Any ideas what could be causing this? Or is something wrong in the source?


----------



## kamikaze (Feb 3, 2009)

No idea. Are _all_ your ports up to date? Or at least all the ones mpd depends on?


----------



## lungten (Feb 4, 2009)

kamikaze said:
			
		

> Are _all_ your ports up to date? Or at least all the ones mpd depends on?


Yes, my ports are up to date. No dependency or installation problems. Just that I cannot start it.


----------



## kamikaze (Feb 4, 2009)

Maybe your music database is broken. There's something about urllen, might be there's something it doesn't like.


----------



## hark (Feb 4, 2009)

You might try deleting the mpd database (which will be rebuilt when you start mpd again). By default, the database is ~/.mpd/db (as specified in ~/.mpdconf).
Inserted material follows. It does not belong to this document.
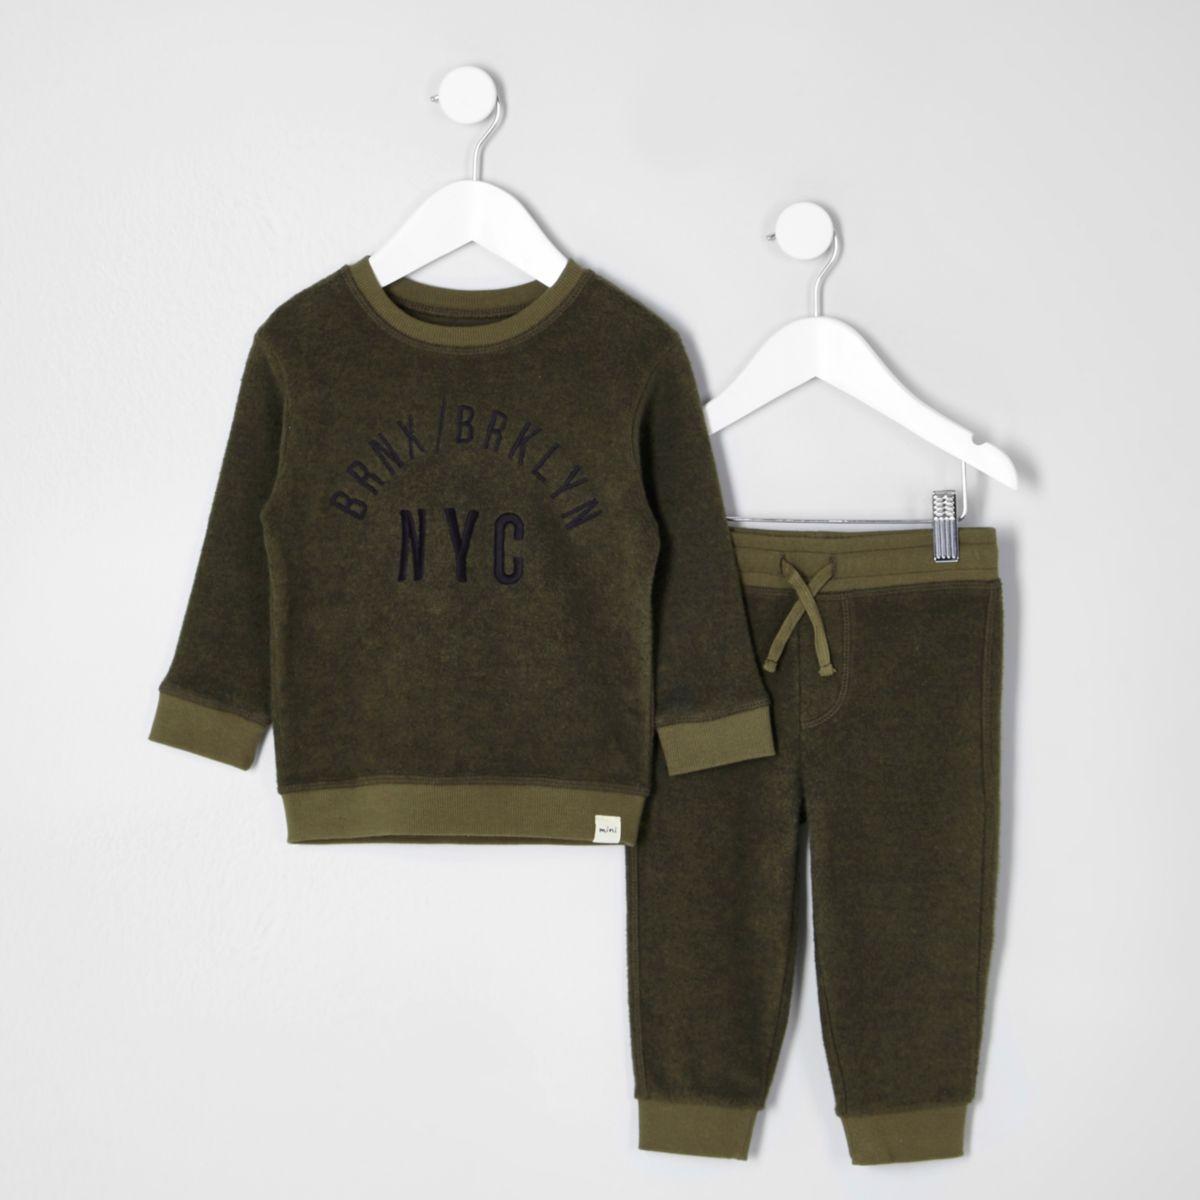 Mini boys  khaki felt 'NYC' sweatshirt outfit

EDIT: A backtrace would be really helpful too:

 * Recompile mpd with `$ make WITH_DEBUG=1 && make deinstall reinstall`
 * Crash mpd again to generate a core file with debugging symbols
 * Open the core file with `$ gdb mpd -core mpd.core`
 * Give gdb the [cmd=gdb>]bt[/cmd] command to get the trace
 * Paste trace :3


----------



## lungten (Feb 6, 2009)

*[Solved] musicpd 0.14.1 not starting*

Thank you very much _kamikaze_ and _hark_. The problem as you suspected was caused by the [font="Courier New"]mpd.db[/font] file.


----------